■ **Problem**
Include in the output exactly the lines from the opening of the data through the line containing "He inspired to", and nothing more.

■ **Material for this task**
━━━━

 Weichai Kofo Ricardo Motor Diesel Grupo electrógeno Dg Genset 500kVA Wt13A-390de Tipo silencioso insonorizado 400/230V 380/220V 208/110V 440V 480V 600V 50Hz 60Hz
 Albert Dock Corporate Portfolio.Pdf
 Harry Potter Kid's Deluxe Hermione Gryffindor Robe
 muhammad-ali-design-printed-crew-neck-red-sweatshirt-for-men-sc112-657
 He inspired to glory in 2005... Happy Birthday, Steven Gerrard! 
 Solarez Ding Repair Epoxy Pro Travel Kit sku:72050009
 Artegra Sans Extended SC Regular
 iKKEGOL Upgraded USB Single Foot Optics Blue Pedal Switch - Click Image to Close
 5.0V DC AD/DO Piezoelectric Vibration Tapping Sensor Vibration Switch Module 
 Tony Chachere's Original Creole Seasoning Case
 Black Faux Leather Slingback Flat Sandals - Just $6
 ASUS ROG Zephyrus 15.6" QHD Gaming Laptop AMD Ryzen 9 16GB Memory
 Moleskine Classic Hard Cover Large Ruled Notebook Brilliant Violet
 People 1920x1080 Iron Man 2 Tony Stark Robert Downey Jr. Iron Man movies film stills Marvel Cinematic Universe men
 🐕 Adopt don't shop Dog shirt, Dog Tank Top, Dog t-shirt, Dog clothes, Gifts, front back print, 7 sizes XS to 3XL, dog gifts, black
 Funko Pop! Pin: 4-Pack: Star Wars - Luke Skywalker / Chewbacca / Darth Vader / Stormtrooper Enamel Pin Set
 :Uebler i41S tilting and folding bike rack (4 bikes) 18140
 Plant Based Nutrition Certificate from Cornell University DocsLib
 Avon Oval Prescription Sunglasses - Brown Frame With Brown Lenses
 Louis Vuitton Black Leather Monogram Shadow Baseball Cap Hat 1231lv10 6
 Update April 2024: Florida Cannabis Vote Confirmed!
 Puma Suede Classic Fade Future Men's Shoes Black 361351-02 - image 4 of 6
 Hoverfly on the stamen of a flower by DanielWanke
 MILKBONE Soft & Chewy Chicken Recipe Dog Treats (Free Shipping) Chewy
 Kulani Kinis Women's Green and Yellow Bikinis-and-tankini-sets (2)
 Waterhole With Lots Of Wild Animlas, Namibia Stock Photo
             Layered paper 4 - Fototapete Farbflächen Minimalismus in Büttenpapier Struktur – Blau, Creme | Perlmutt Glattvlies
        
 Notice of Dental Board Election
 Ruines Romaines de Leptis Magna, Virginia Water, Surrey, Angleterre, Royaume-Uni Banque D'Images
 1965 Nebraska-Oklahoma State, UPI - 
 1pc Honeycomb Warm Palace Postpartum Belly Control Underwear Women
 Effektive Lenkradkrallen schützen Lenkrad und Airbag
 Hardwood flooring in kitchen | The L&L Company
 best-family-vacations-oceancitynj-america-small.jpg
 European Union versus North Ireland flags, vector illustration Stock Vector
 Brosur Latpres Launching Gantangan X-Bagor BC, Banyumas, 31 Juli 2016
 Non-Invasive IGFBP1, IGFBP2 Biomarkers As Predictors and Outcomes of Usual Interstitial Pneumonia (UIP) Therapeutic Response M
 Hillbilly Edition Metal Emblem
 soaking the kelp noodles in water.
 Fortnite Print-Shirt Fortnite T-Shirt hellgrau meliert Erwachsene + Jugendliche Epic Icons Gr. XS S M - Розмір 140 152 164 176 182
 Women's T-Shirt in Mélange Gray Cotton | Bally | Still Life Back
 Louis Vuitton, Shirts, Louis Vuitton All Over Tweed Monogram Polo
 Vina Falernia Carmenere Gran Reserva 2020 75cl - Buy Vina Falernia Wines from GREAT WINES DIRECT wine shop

━━━━

■ **Exercise answer**
 Weichai Kofo Ricardo Motor Diesel Grupo electrógeno Dg Genset 500kVA Wt13A-390de Tipo silencioso insonorizado 400/230V 380/220V 208/110V 440V 480V 600V 50Hz 60Hz
 Albert Dock Corporate Portfolio.Pdf
 Harry Potter Kid's Deluxe Hermione Gryffindor Robe
 muhammad-ali-design-printed-crew-neck-red-sweatshirt-for-men-sc112-657
 He inspired to glory in 2005... Happy Birthday, Steven Gerrard! 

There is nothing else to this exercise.